Malgré le masque impassible qu'elle affiche, il voit clair dans son jeu. Ce qui ne l'empêche pas de se pendre les pieds dans le tapis, évidemment. Il sait bien qu'il est paradoxal de sa part de considérer le rendez-vous plus dangereux pour elle que pour lui-même, mais c'est plus fort que lui.
— Écoute, si tu n'es pas suffisamment sûr de ton coup pour m'autoriser à t'accompagner, alors je ne vois pas pourquoi je serais suffisamment sereine pour te laisser y aller seul, Ann se montre un peu plus directe dans son argumentaire, avec un haussement de sourcils provocateur.
— Très bien. On ira ensemble, alors, il finit donc par céder à cette logique dans un soupir, même si clairement avec réticence.

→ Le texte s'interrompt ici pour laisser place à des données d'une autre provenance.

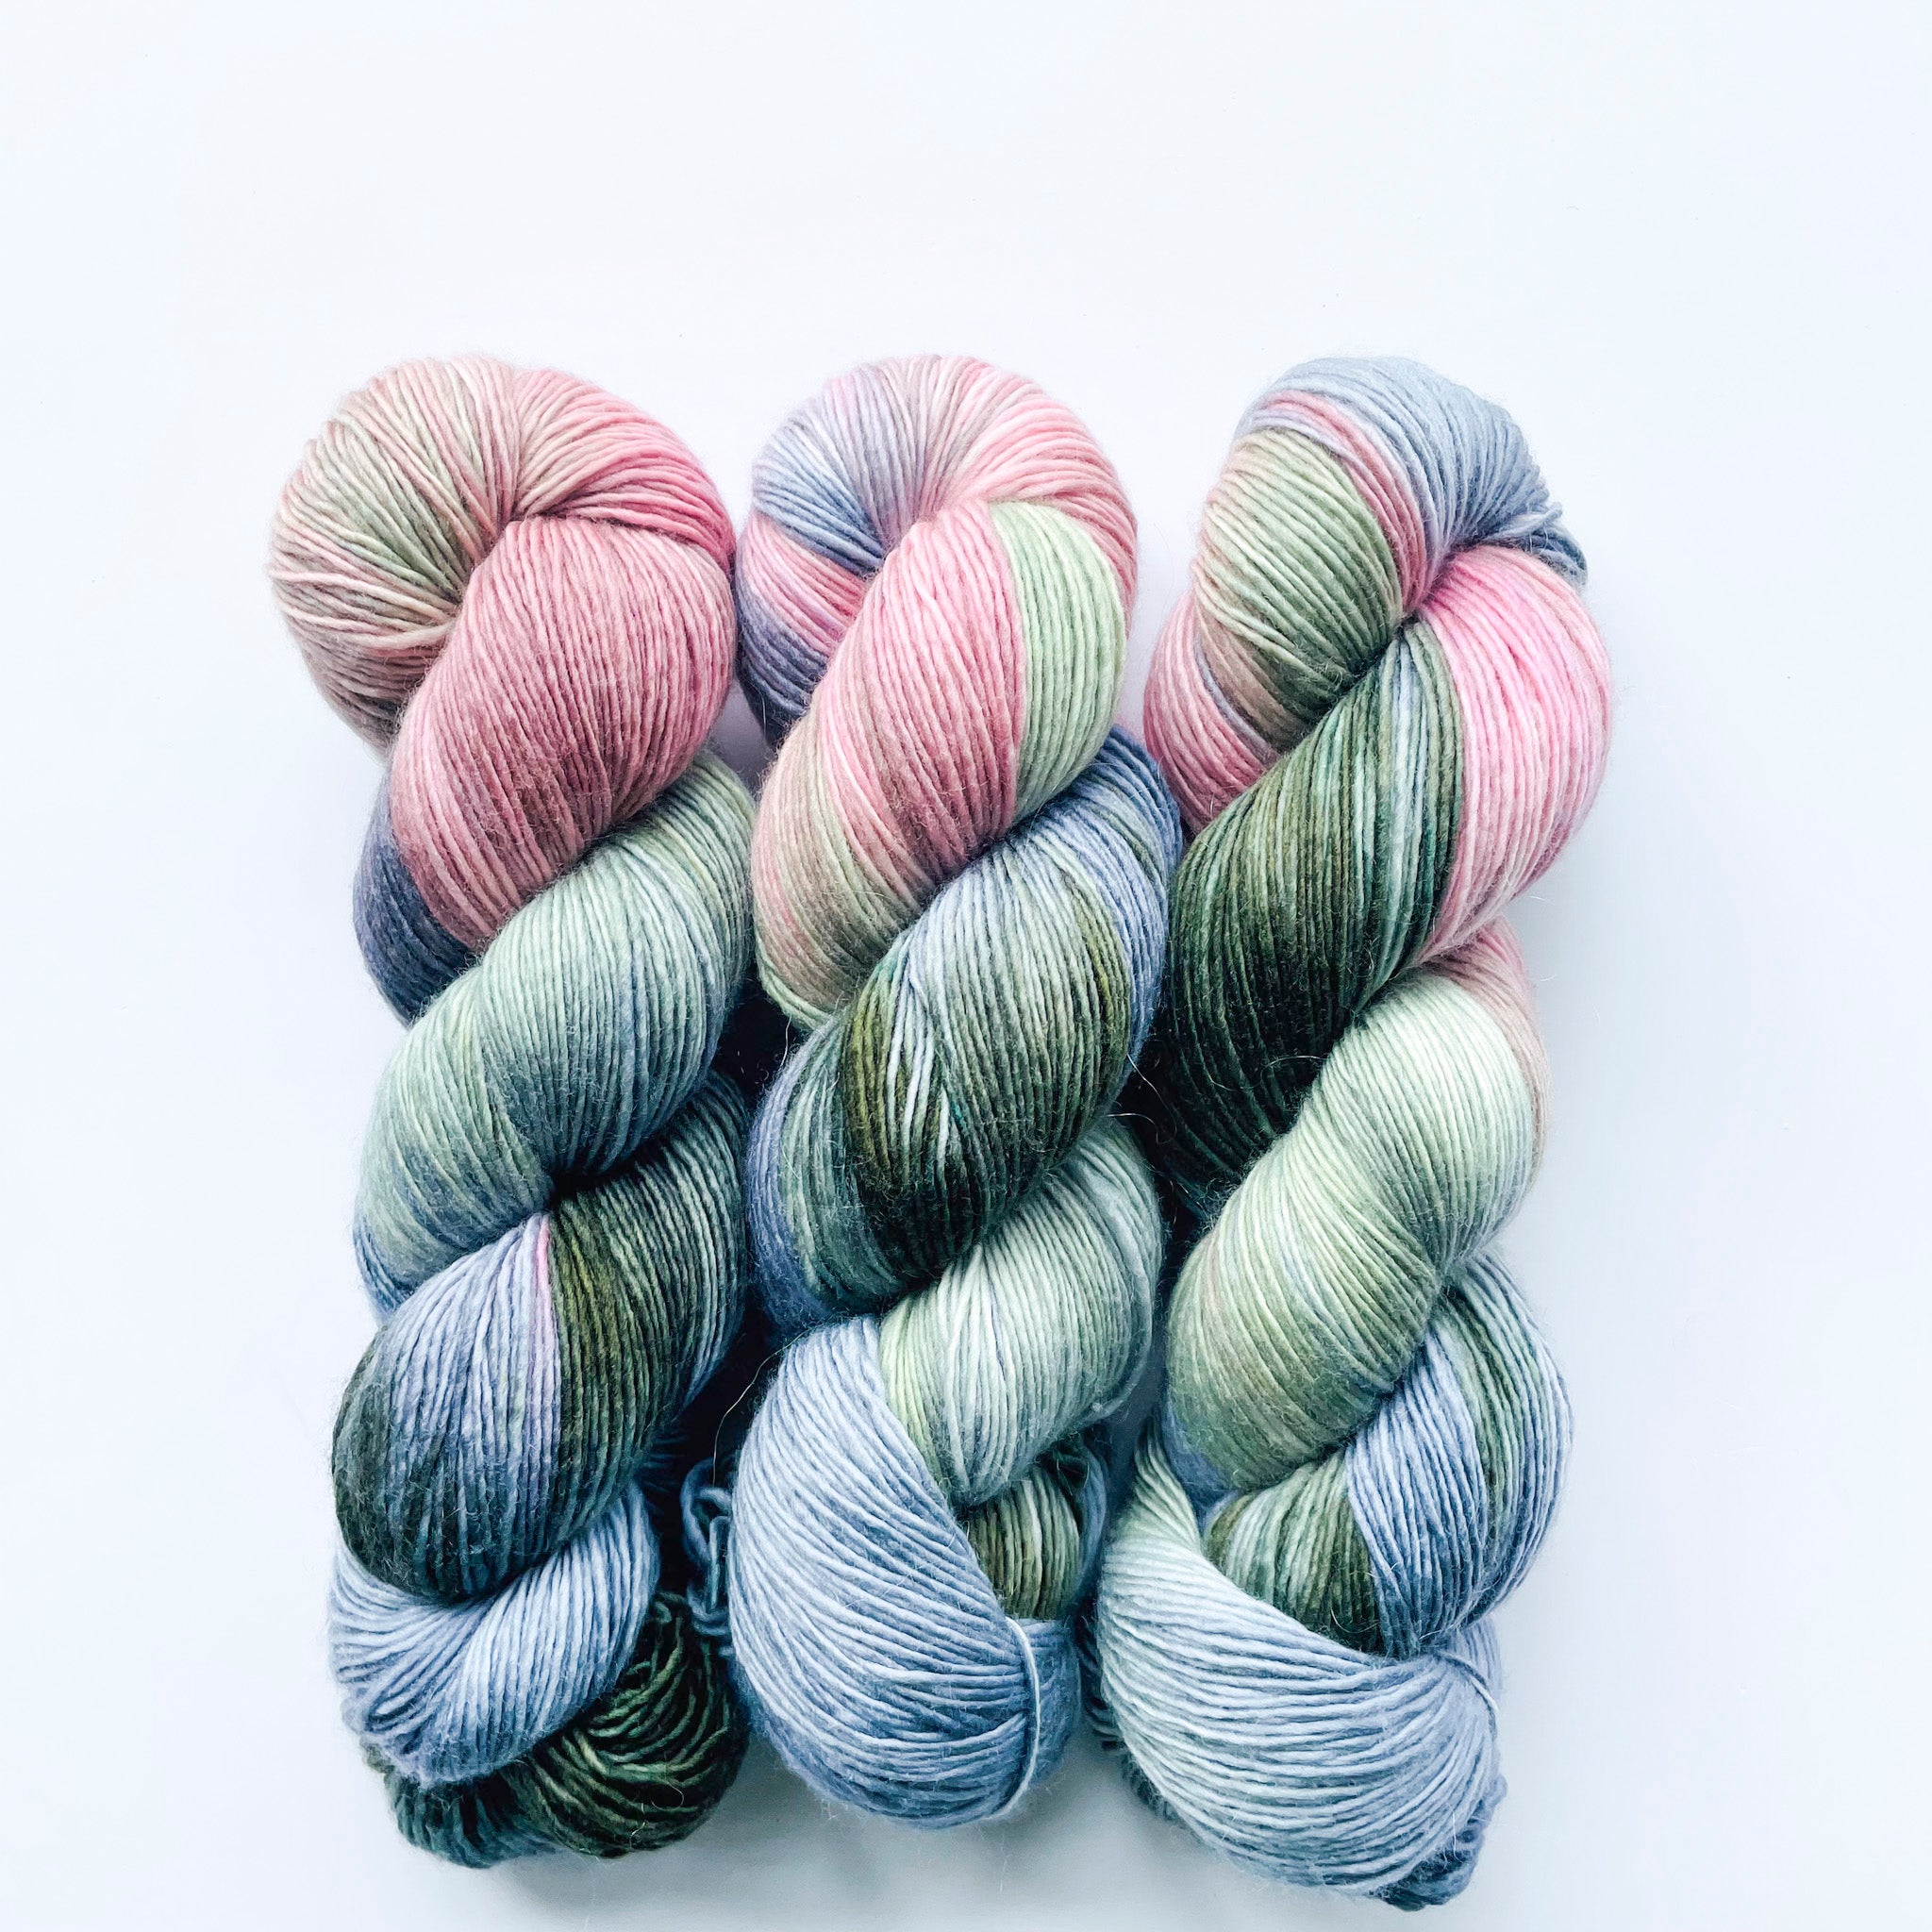 Qing Fibre - Indie Hand-Dyed Yarn and Knitting Patterns

Victorieuse, elle achève enfin de le rejoindre et se hisse sur la pointe des pieds pour venir déposer un baiser à l'angle de sa mâchoire. C'est le seul point de son visage qu'elle peut atteindre s'il ne fait aucun mouvement pour l'aider. Puis, elle se dirige vers la commode afin de finir de s'habiller. Malgré cette marque d'affection, Jazz reste de marbre et boudeur, contrarié par la tournure des événements. Ce n'est pas dans ces conditions qu'il espérait obtenir gain de cause. Sans compter que, même alors qu'il souhaite lui laisser une chance, le fait que Fred l'ait contacté le laisse encore perplexe quant à ses intentions. Même s'il refuse de se laisser arrêter par les craintes de son épouse, elles ne sont pas entièrement infondées pour autant.